Am 02.12.2010 22:30, schrieb Steven D'Aprano:
> Martin v. Löwis wrote:
>>>> Then these users should speak up and indicate their need, or somebody
>>>> should speak up and confirm that there are users who actually want
>>>> '١٢٣٤.٥٦' to denote 1234.56. To my knowledge, there is no writing
>>>> system in which '١٢٣٤.٥٦e4' means 12345600.0.
>>> I'm not sure what you're after here.
>>
>> That the current float() constructor accepts tons of bogus character
>> strings and accepts them as numbers, and that it should stop doing so.
> 
> What bogus characters do the float() and int() constructors accept? As
> far as I can see, they only accepts numerals.

Not bogus characters, but bogus character strings. E.g. strings that mix
digits from different scripts, and mix them with the Python decimal
separator.

>> Notice that Python does *not* currently support printing numbers in
>> other scripts - even though this may actually be more useful than
>> parsing.
> 
> Lack of one function, even if more useful, does not imply that an
> existing function should be removed.

No. But if the specific function(ality) is not useful and
underspecified, it should be removed.

> So your problems with the current behaviour are:
> 
> (1) in some unspecified way, it's not done correctly;

No. My main concern is that it is not properly specified. If it was
specified, I could then tell you what precisely is wrong about it.
Right now, I can only give examples for input that it should not accept,
and examples of input that it should, but does not accept.

> (2) it belongs somewhere other than float() and int().
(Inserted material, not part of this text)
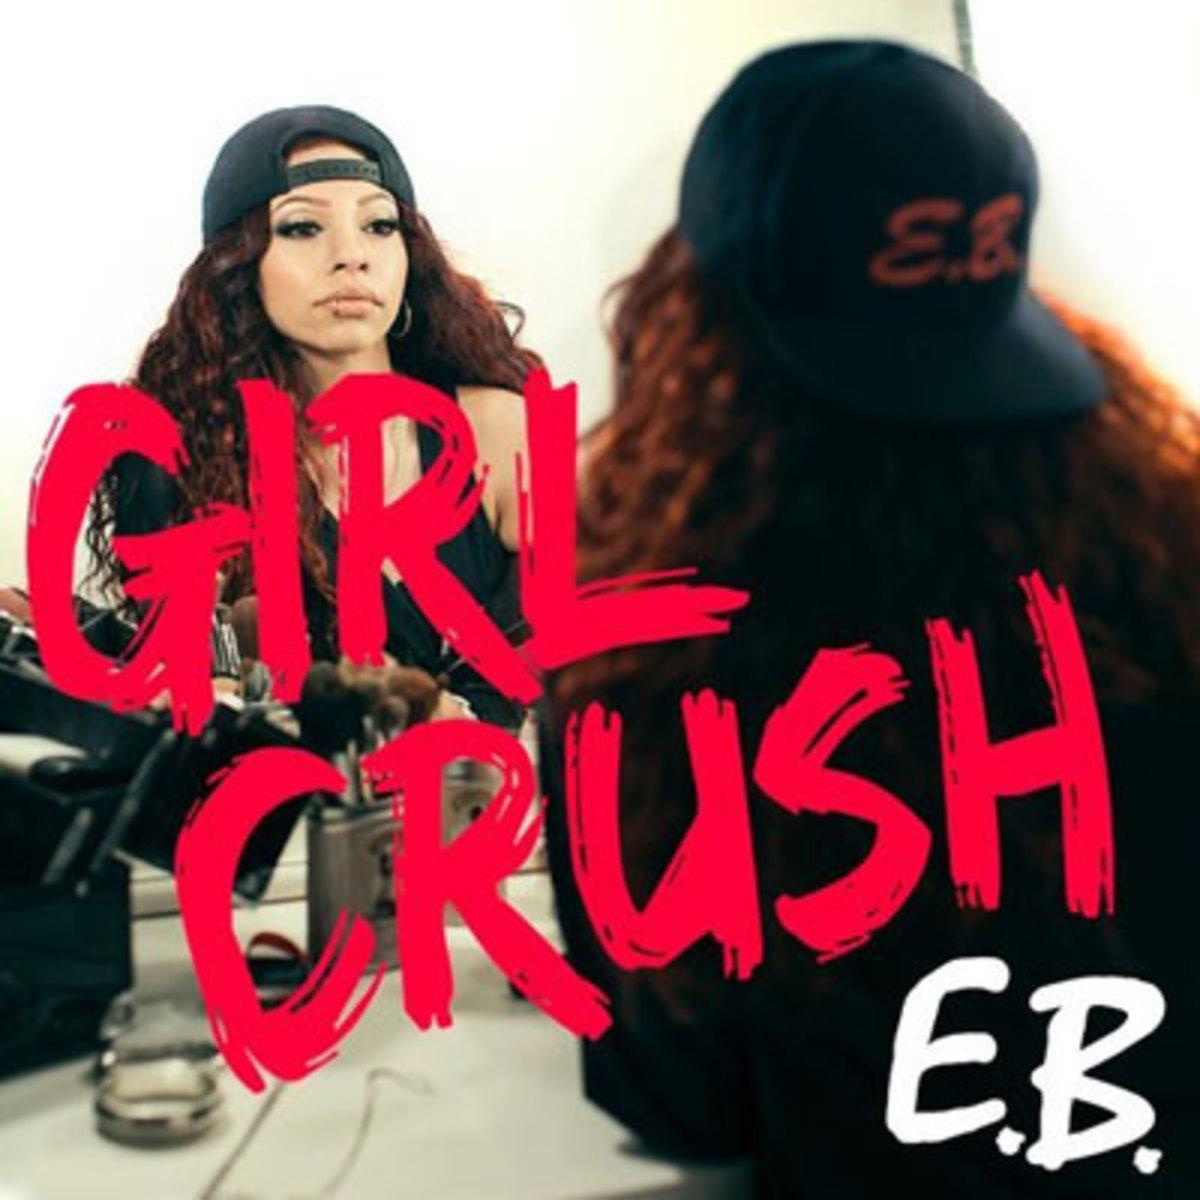 eb-girlcrush.jpg

That's only because it also needs a parameter to specify what syntax to
follow, somehow. That parameter could be explicit or implicit, and it
could be to float or to some other function. But it must be available,
and is not.

> That second is awfully close to bike-shedding. Since you accept that
> Python *should* have the current behaviour

No, I don't. I think it behaves incorrectly, accepting garbage input and
guessing some meaning out of it.

> - how the current behaviour is incorrect;

See above: it accepts strings that do not denote real numbers in any
writing system, and, despite the claim that the feature is there to
support other writing systems, actually does not truly support other
writing systems.

> - your suggestions for correcting it; and

Make the current implementation exactly match the current documentation.
I think the documentation is correct; the implementation is wrong.

> - a concrete suggestion for where you would like to see the behaviour
> moved to, and why that would be better than where it currently is.

The current behavior should go nowhere; it is not useful. Something very
similar to the current behavior (but done correctly) should go into the
locale module.

Regards,
Martin